Description Christian Casteyde 2009-12-19 16:33:46 UTC
Kernel 2.6.33-rc1 64bits with kmemcheck and other debug options
Athlon64 3GHz single core
Acer Aspire 1511LMi
Bluewhite 64 13 (32 bits port of Slackware)
Broadcom wireless interface

Since 2.6.33-rc1, I cannot configure any network interface, because they are not created anymore.
On my laptop, I have a built in eth0 Ethernet port (tg3), and a wireless wlan0 port. When I boot, wlan0 is renamed to eth1 by udev, then the interfaces are brought up by /etc/rc.d scripts (slackware based).

dmesg says that at boot:
b43 ssb0:0: firmware: requesting b43/ucode5.fw
b43 ssb0:0: firmware: requesting b43/pcm5.fw
b43 ssb0:0: firmware: requesting b43/b0g0initvals5.fw
b43 ssb0:0: firmware: requesting b43/b0g0bsinitvals5.fw
b43-phy0: Loading firmware version 478.104 (2008-07-01 00:50:23)
b43-phy0 ERROR: Failed to allocate or map pages for DMA ringmemory
b43-phy0 ERROR: Microcode not responding
b43-phy0 ERROR: You must go to http://wireless.kernel.org/en/users/Drivers/b43#devicefirmware and download the correct firmware for this driver version.
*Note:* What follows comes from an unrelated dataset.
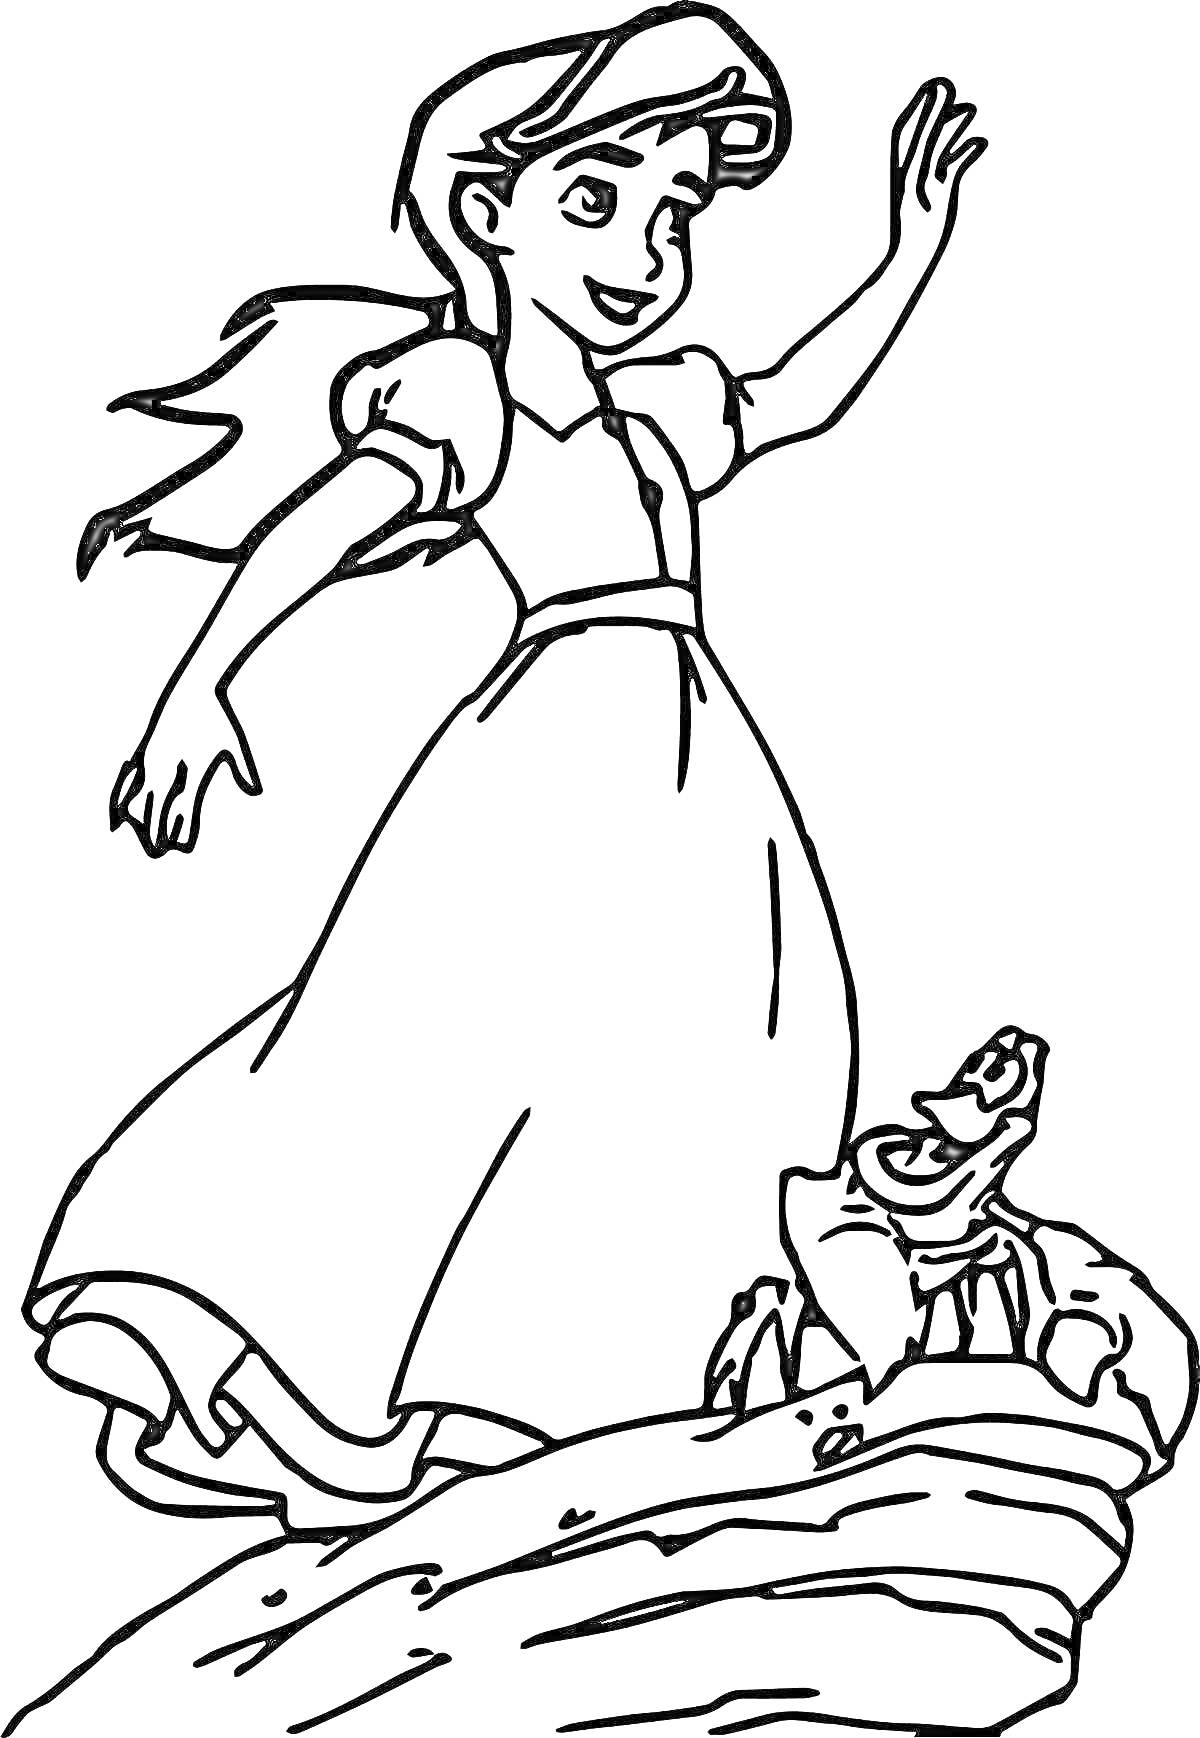 Раскраска Девушка в длинном платье с распущенными волосами и черепаха на камне

Please carefully read all instructions on this website.
b43-phy0: Loading firmware version 478.104 (2008-07-01 00:50:23)
b43-phy0 ERROR: Failed to allocate or map pages for DMA ringmemory
b43-phy0 ERROR: Microcode not responding
b43-phy0 ERROR: You must go to http://wireless.kernel.org/en/users/Drivers/b43#devicefirmware and download the correct firmware for this driver version. Please carefully read all instructions on this website.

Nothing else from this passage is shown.